Эльф взглянул на спящих: жалко было их будить — так то они утомились, исхудали за эти недели, даже и Мьер как-то осунулся; Хэм — тот и вообще, не понятно как до сих пор шел, Сикус стал еще более тощим, совсем утомился, и только какая-то страсть гнала его все вперед и вперед. Лучше всех сохранились: маленький Ячук, который все время сидел на Хэмов плече, и девочка, которой вся тяготы пути были нипочем, ибо прежде ей приходилось переносить куда более тягостные испытания. Все-таки Эллиор решил, что следует, все-таки, разбудить пока Мьера. Он осторожно дотронулся до плеча старого своего друга, и тот сразу очнулся, вскинул голову, дико огляделся вокруг.
— Я должен проверить кое-что. — шептал Эллиор. — Ты покарауль пока. Если услышишь, что подозрительное — сразу всех буди — отступайте на восток, меня не дожидайтесь.
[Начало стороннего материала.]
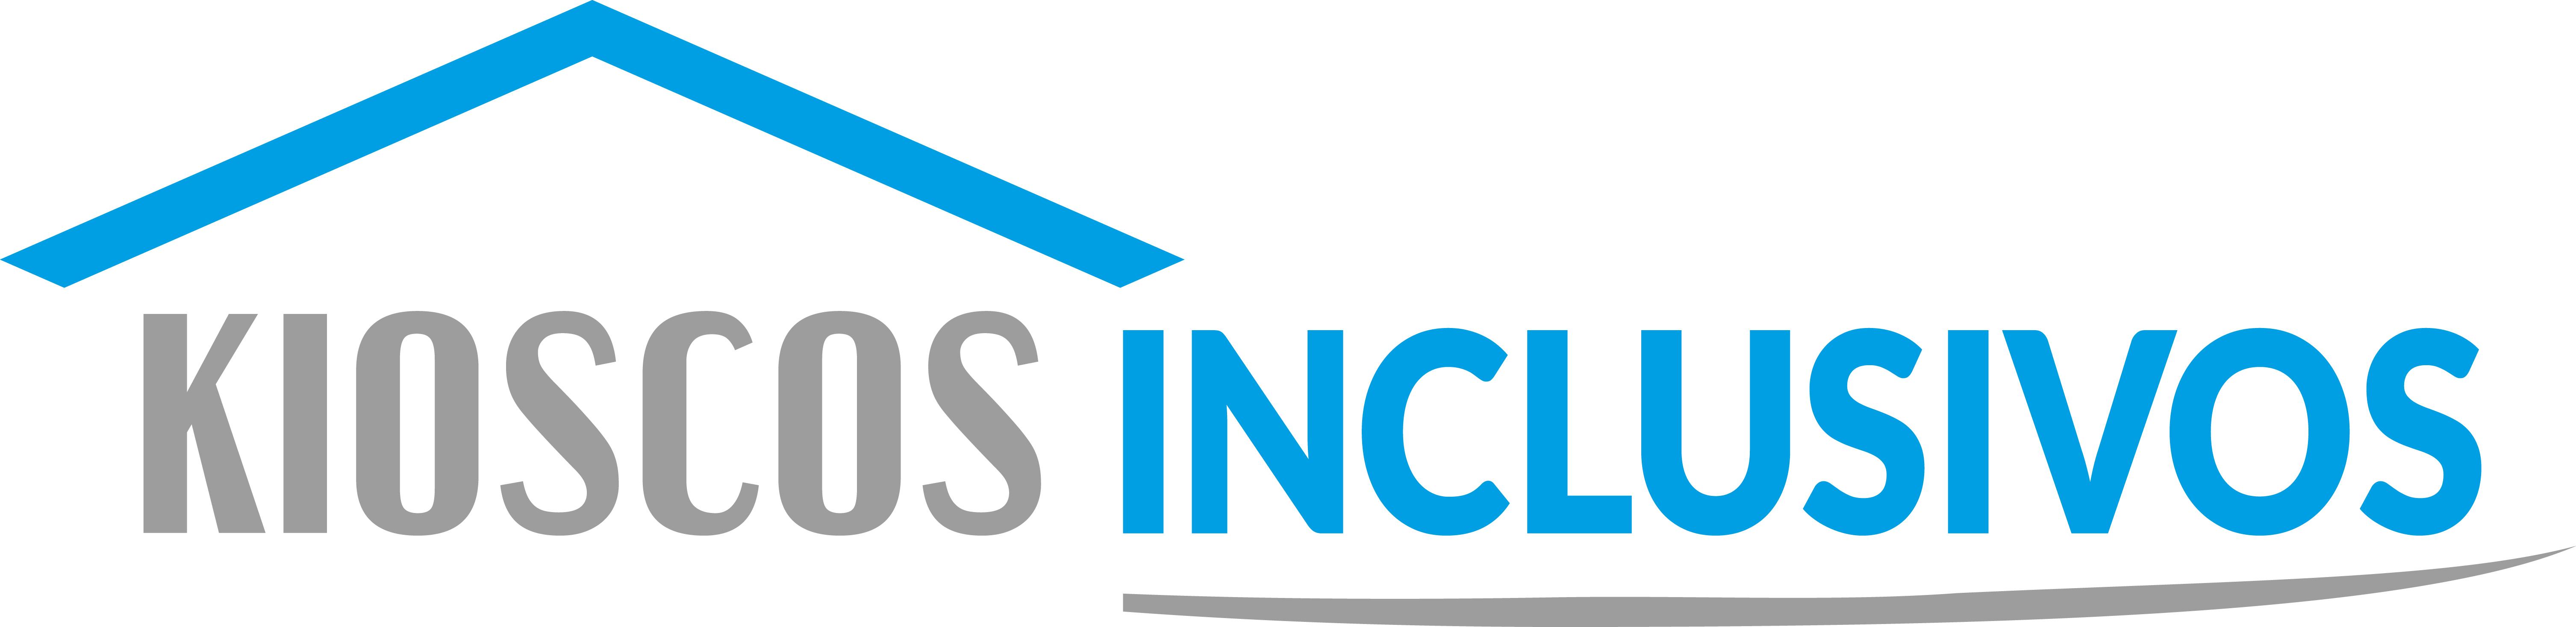 Kioscos Inclusivos

Но главное: не засни.
Сказавши так, Эллиор неуловимой, бесшумной тенью скользнул во тьму. Он скользил среди деревьев, не издавал никакого шума — вслушивался в тихие шаги перед собою, и одновременно с тем раскаивался, что выбрал для караула Мьера: «Уж очень он поспать любит. Кого угодно побороть может, но вот со сном не совладает…» — как вскоре выяснилось, он был прав.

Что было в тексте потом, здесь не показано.